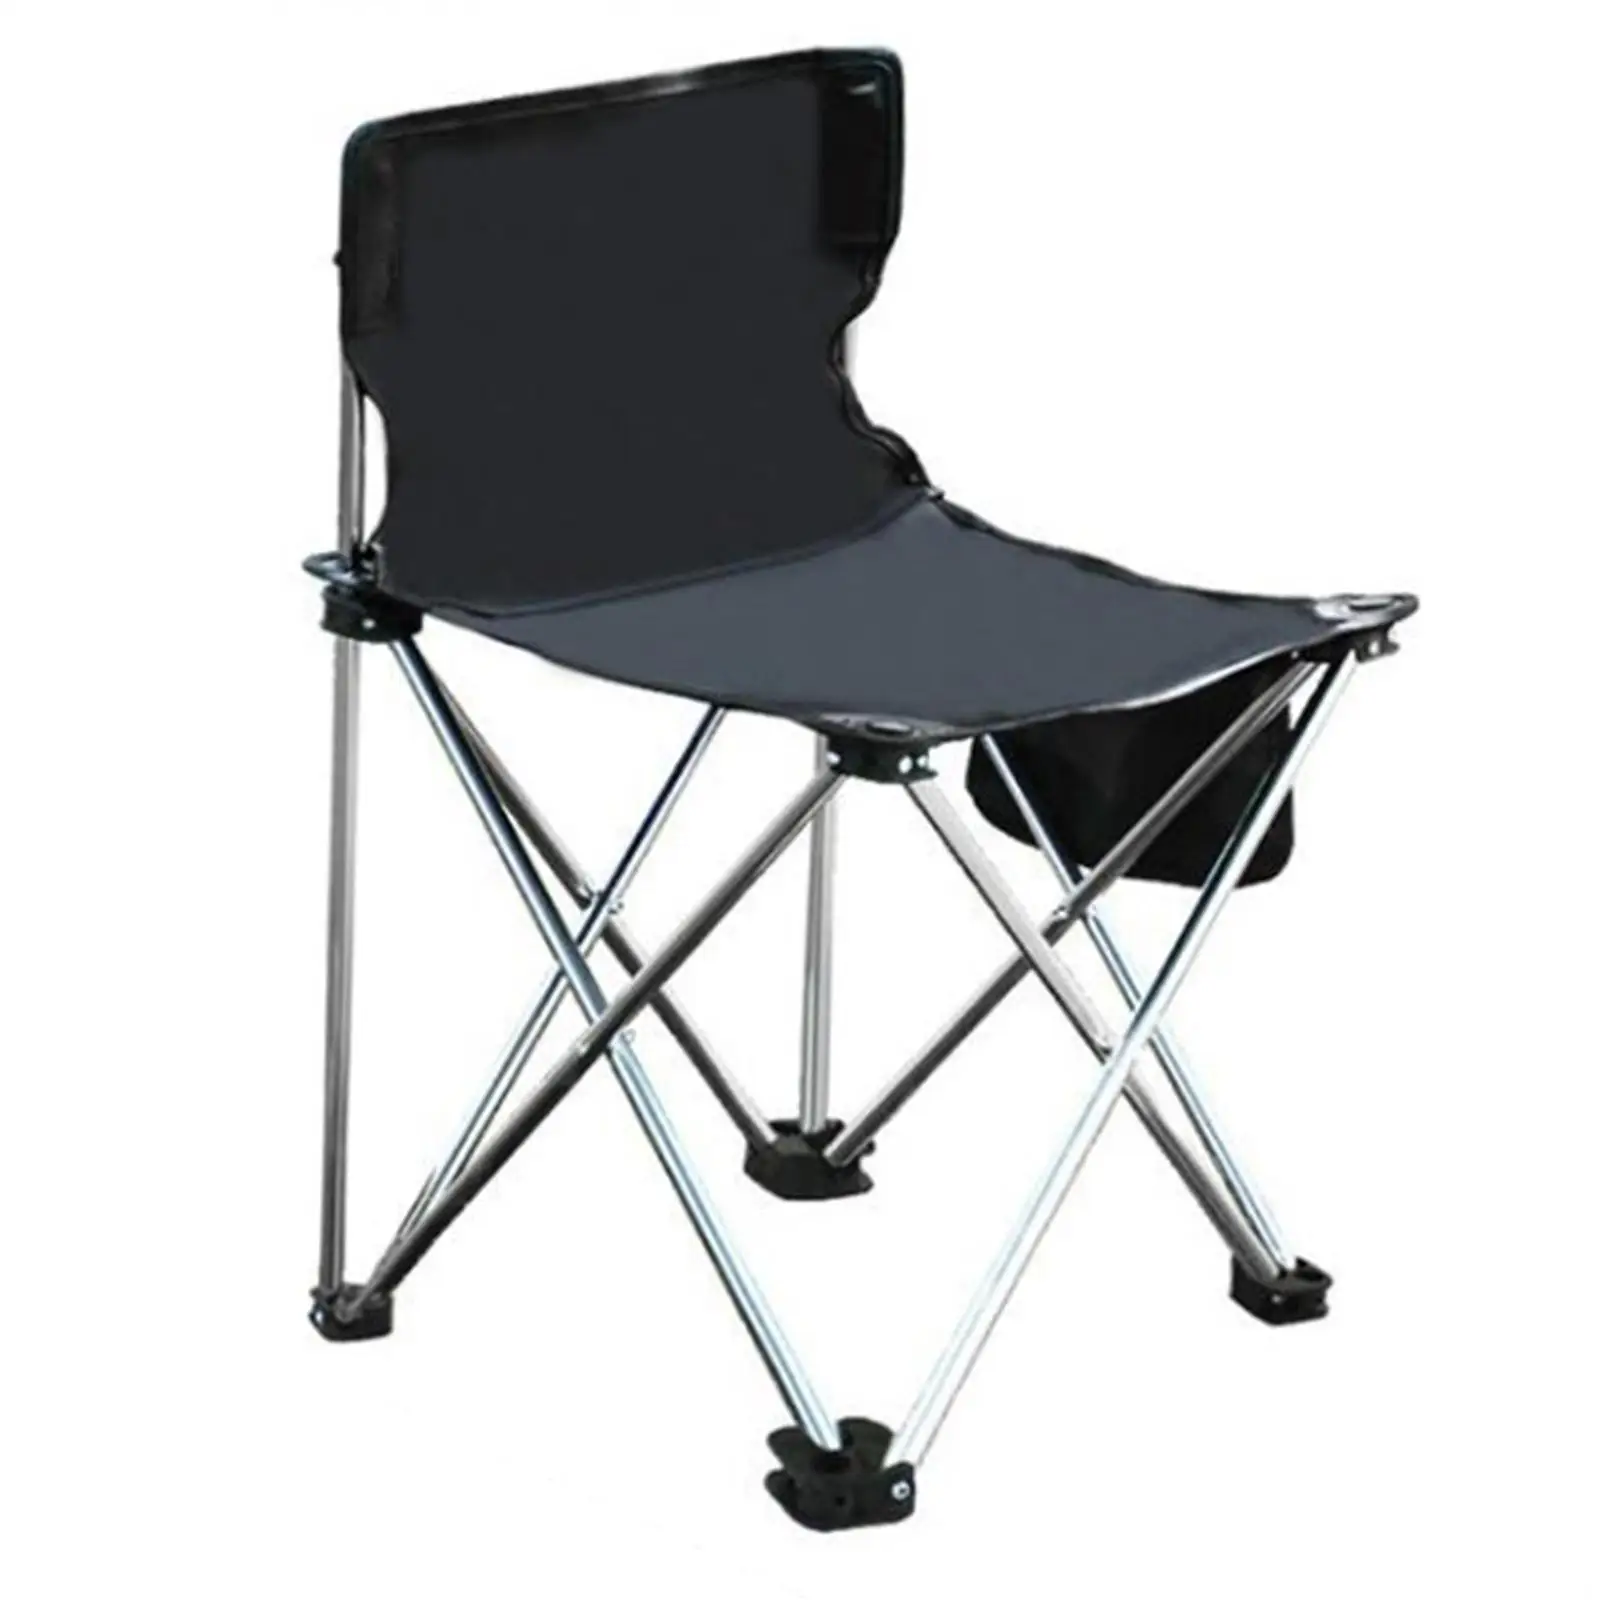 Portable Camping Chair Folding Chair for Outside High Back Collapsible Chair for Patio
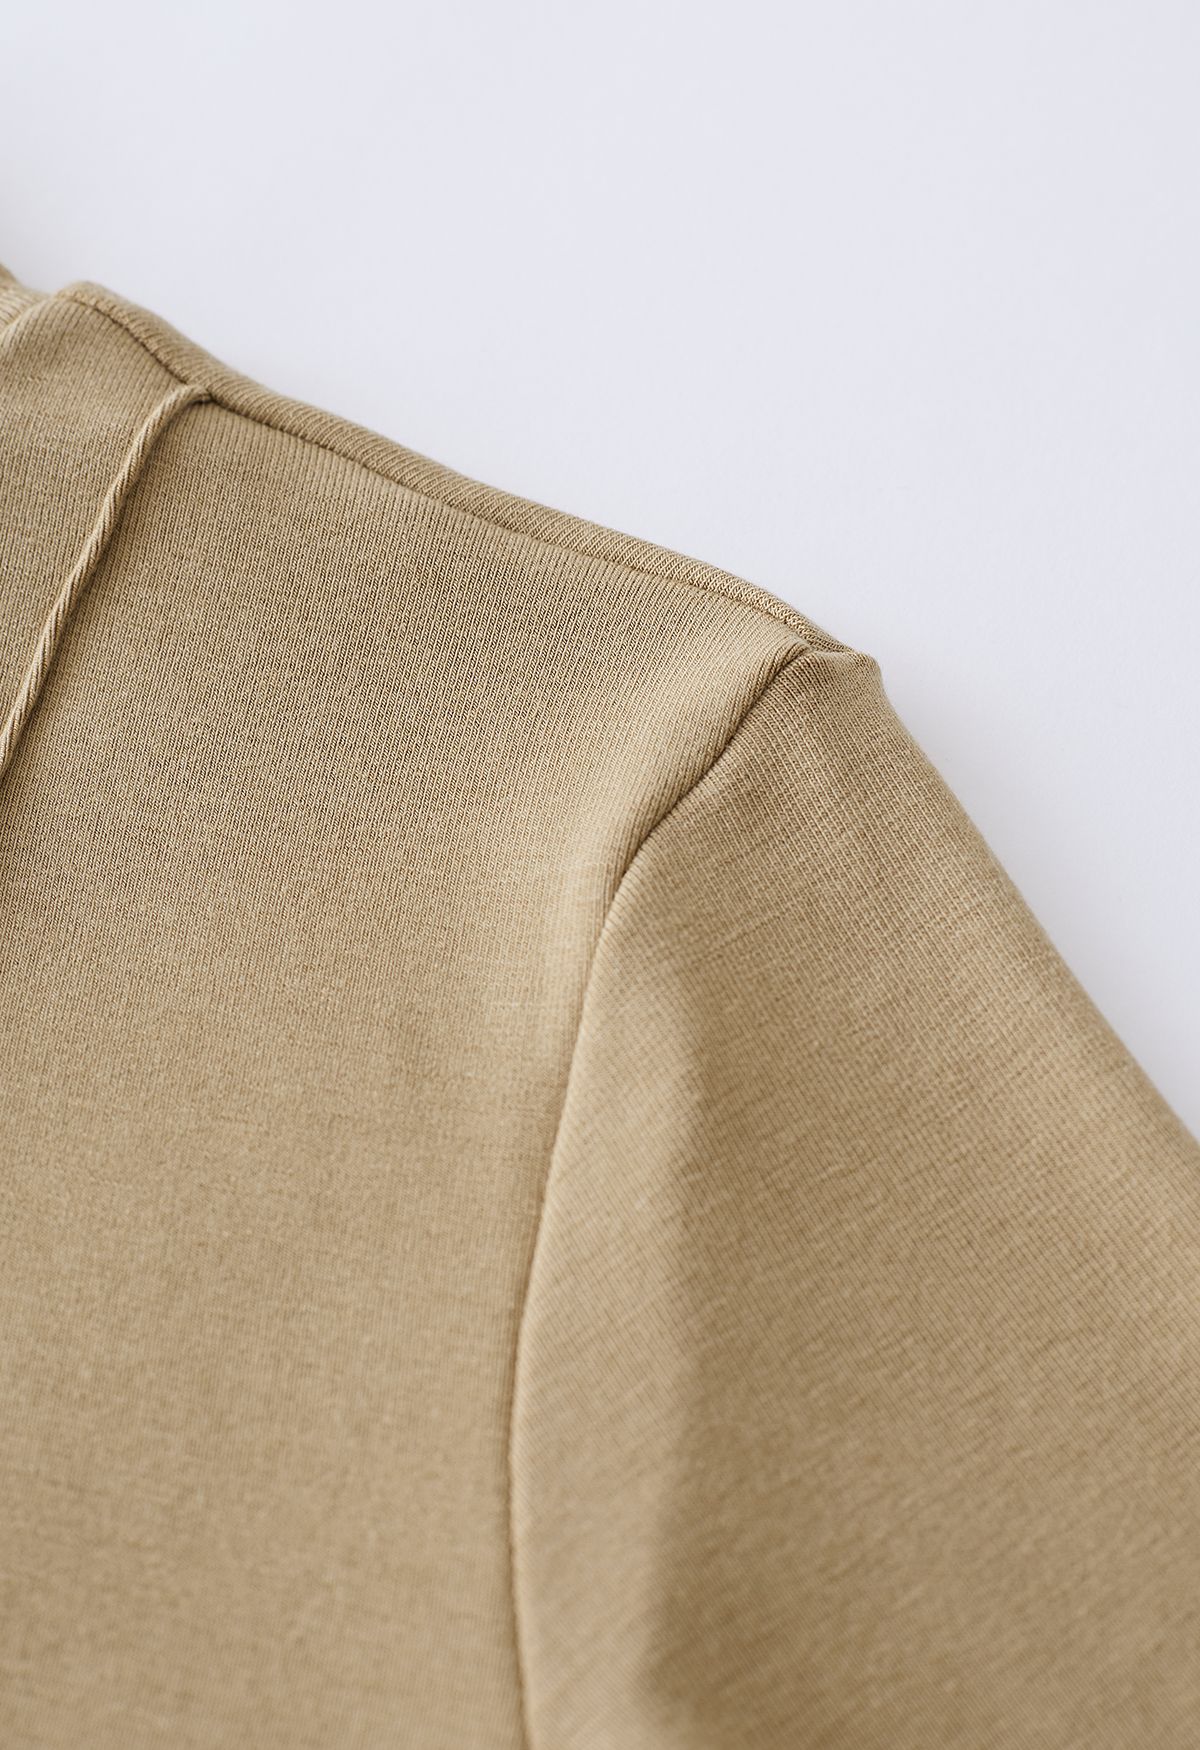 Embossed Seam Detail High Neck Knit Top in Camel
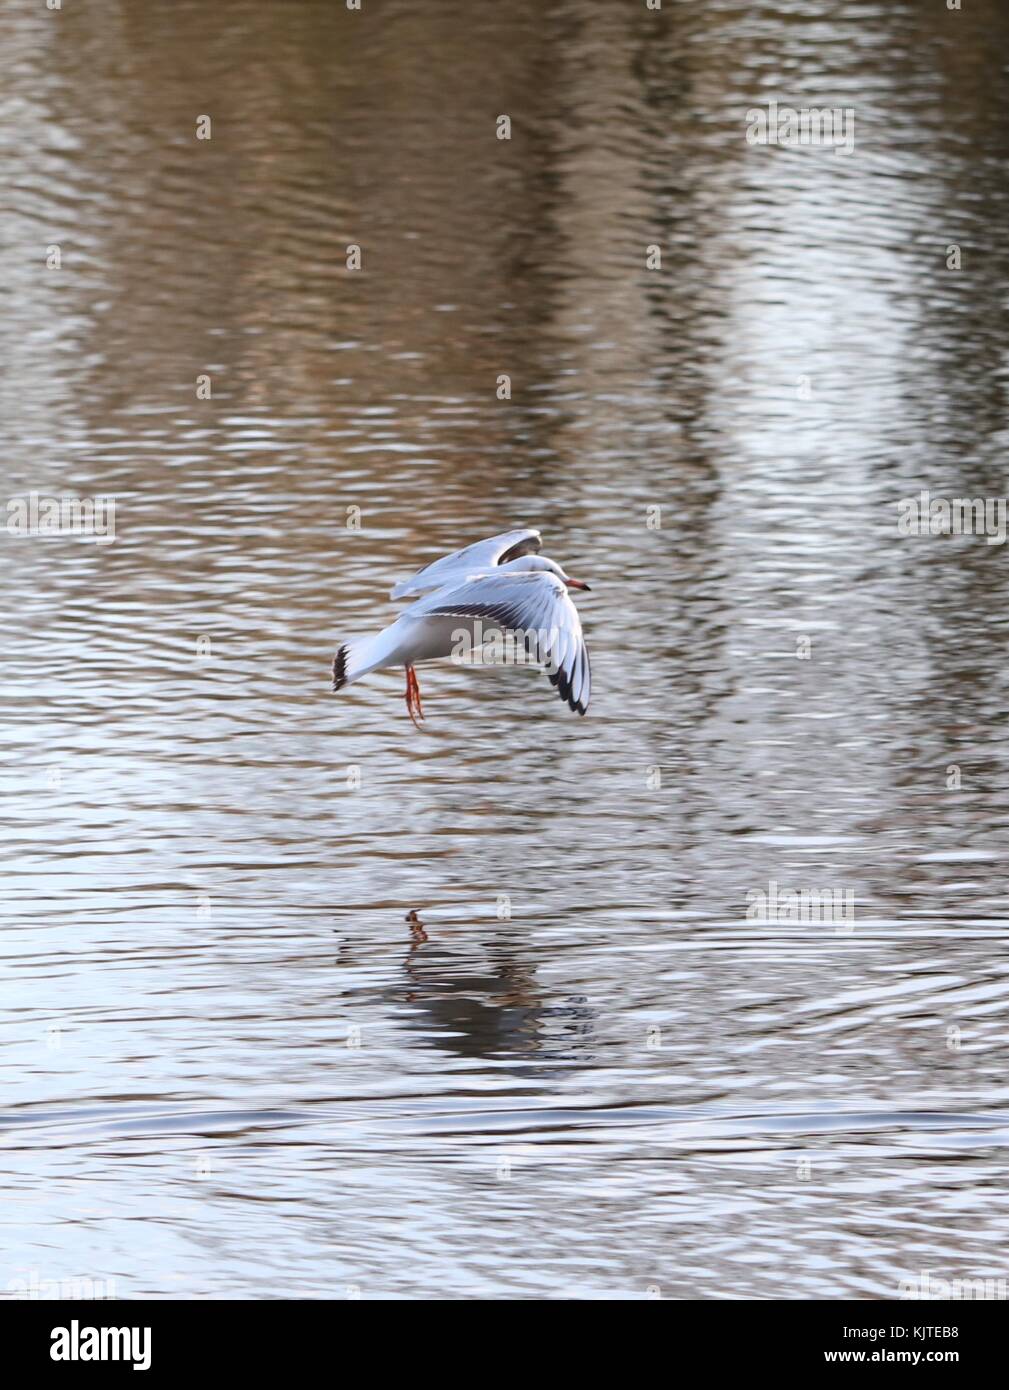 Single bird swooping down over a lake water reflecting Stock Photo
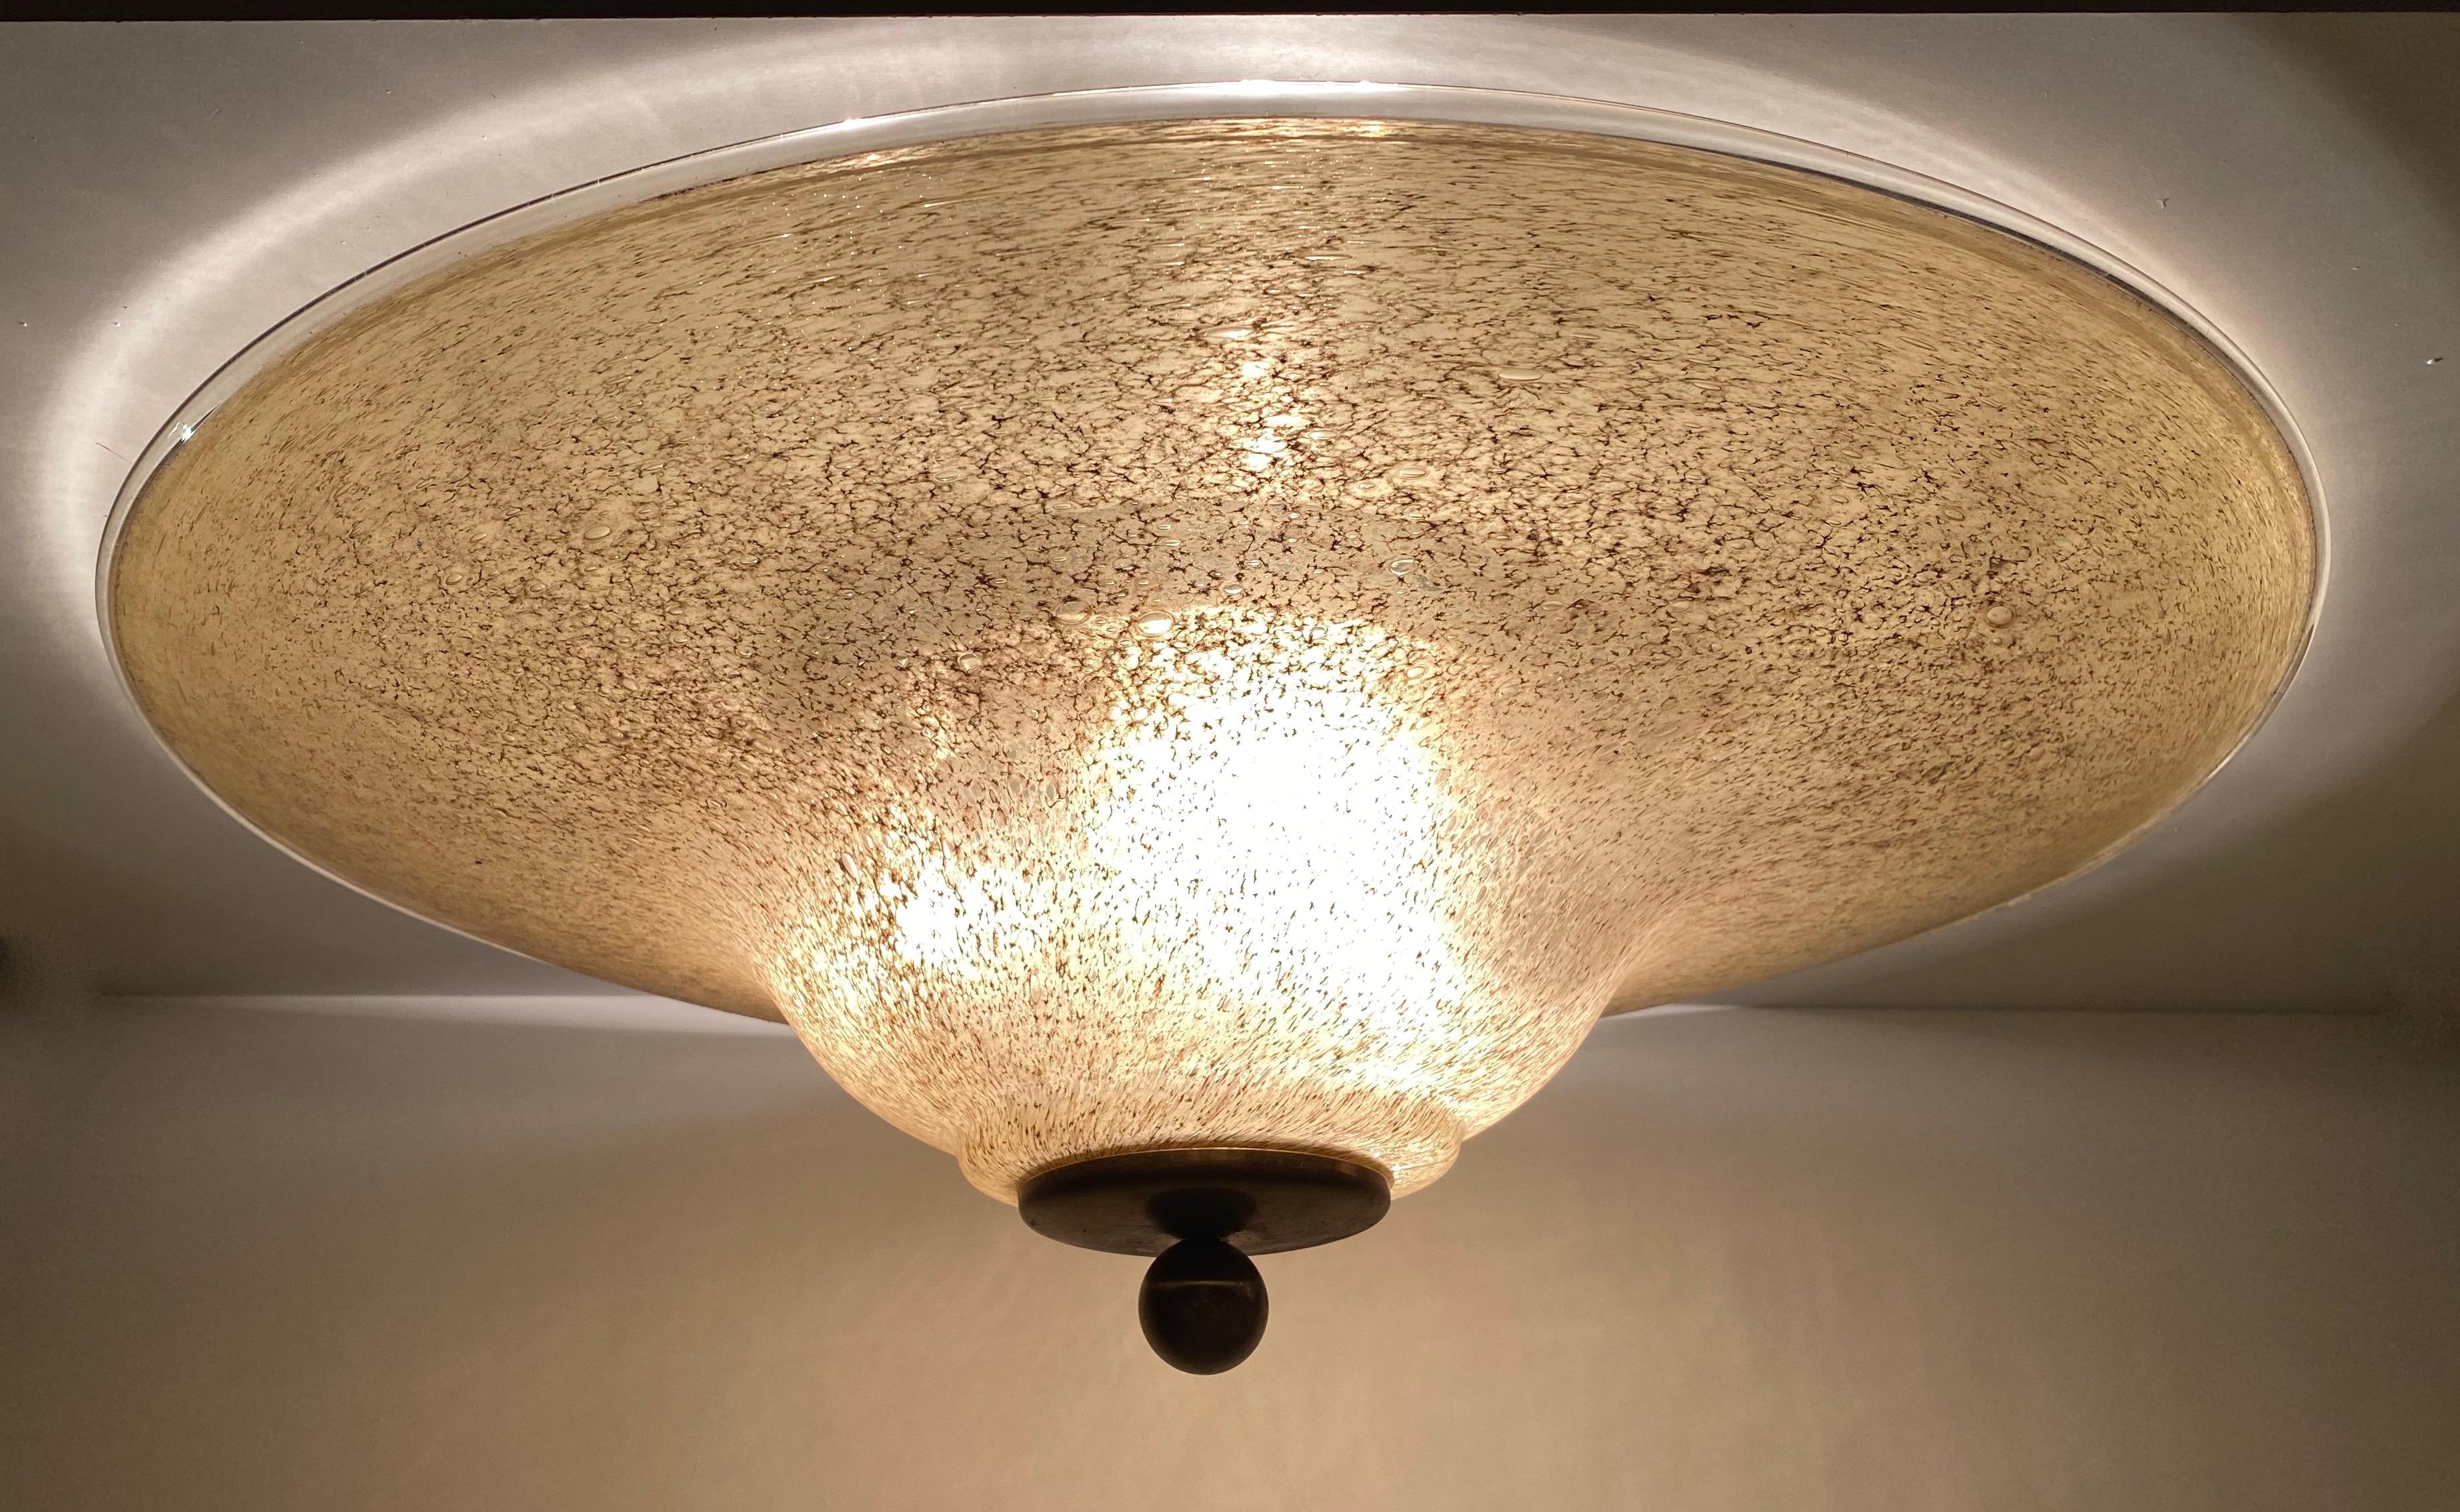 Gorgeous glass flush mount light made by Doria Leuchten, Germany. It is in very good condition, no chips, cracks and no repairs. The fixture requires three European E27 / 110 volt edison bulbs, each bulb up to 60 watts. It is marked with a label

· · · ·

GOAL OF THE EXERCISE
Could you restate exactly the lines from the line containing "Embossed Seam Detail" through the end of the listing, both ends included and nothing else, leaving the images out?

THE ANSWER
 Embossed Seam Detail High Neck Knit Top in Camel
 Single bird swooping down over a lake water reflecting Stock Photo
 Gorgeous glass flush mount light made by Doria Leuchten, Germany. It is in very good condition, no chips, cracks and no repairs. The fixture requires three European E27 / 110 volt edison bulbs, each bulb up to 60 watts. It is marked with a label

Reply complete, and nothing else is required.